Many re-hospitalised patients have respiratory problems, but some have blood clots, heart trouble, sepsis, gastrointestinal symptoms or other issues, doctors report. Some have neurological symptoms like brain fog, "a clear cognitive issue that is evident when they get readmitted," said Dr Vineet Chopra, chief of hospital medicine at the University of Michigan, who co-wrote the Michigan study.

"It is there, and it is real."

Mr Long's ordeal began on March 9. "I couldn't stand up without falling over," he said.

Antibiotics and other medications belonging to Chris Long. PHOTO: NYTIMES

His primary physician, Dr Benjamin Diaczok, immediately told him to call an ambulance.

"I crawled out to the front door," recalled Mr Long. He was barefoot and remembers sticking out his arm to prop open the door for the ambulance crew, who found him facedown.

He awoke three days later, in the hospital, when he accidentally pulled out the tubes to the ventilator he had been hooked up to.
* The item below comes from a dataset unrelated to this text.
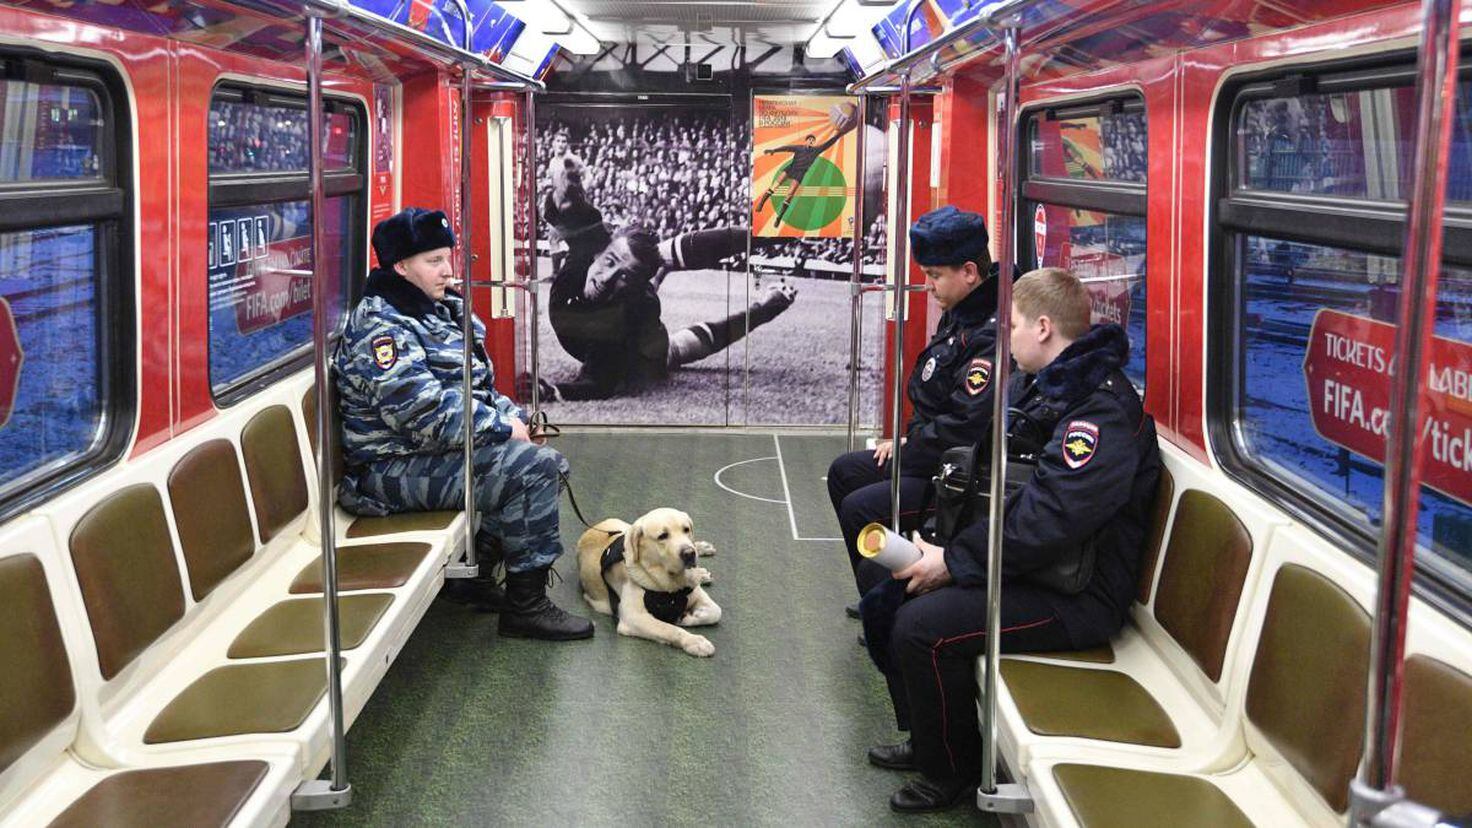 Mundial 2018 | El metro ruso, un búnker para evitar atentados en el Mundial  El metro ruso, un búnker para evitar atentados en el Mundial

After two more days, he had stabilised enough to return to the apartment, where he lives alone, an hour north of Detroit.

Mr Long had some previous health issues, including blood clots in his lungs and legs several years ago and an irregular heartbeat requiring an implanted heart monitor in 2018. Still, before Covid-19, he was "very high-functioning, very energetic", Dr Diaczok said.

Now, Mr Long said: "I've got scarred lungs, pulmonary fibrosis, and I'm running right around 75-80 per cent lung capacity."

He was re-hospitalised in April, May, June, July, August and September, requiring oxygen and intravenous antibiotics, potassium and magnesium.

"Something must have happened to his lungs that is making them more prone for this," Dr Diaczok said.

Mr Long repeatedly measures his temperature and pulse oxygen, and can feel in his chest when "trouble's coming", he said. Determined to recover, he tries to walk short distances. "Can I make it to take out the trash?" he'll ask himself. On a good day, he'll walk 2.4m to his mailbox.

"I'm going to be around to walk my daughters down the aisle and see my grandkids," said Mr Long, voice cracking. "I'm not going to let this thing win."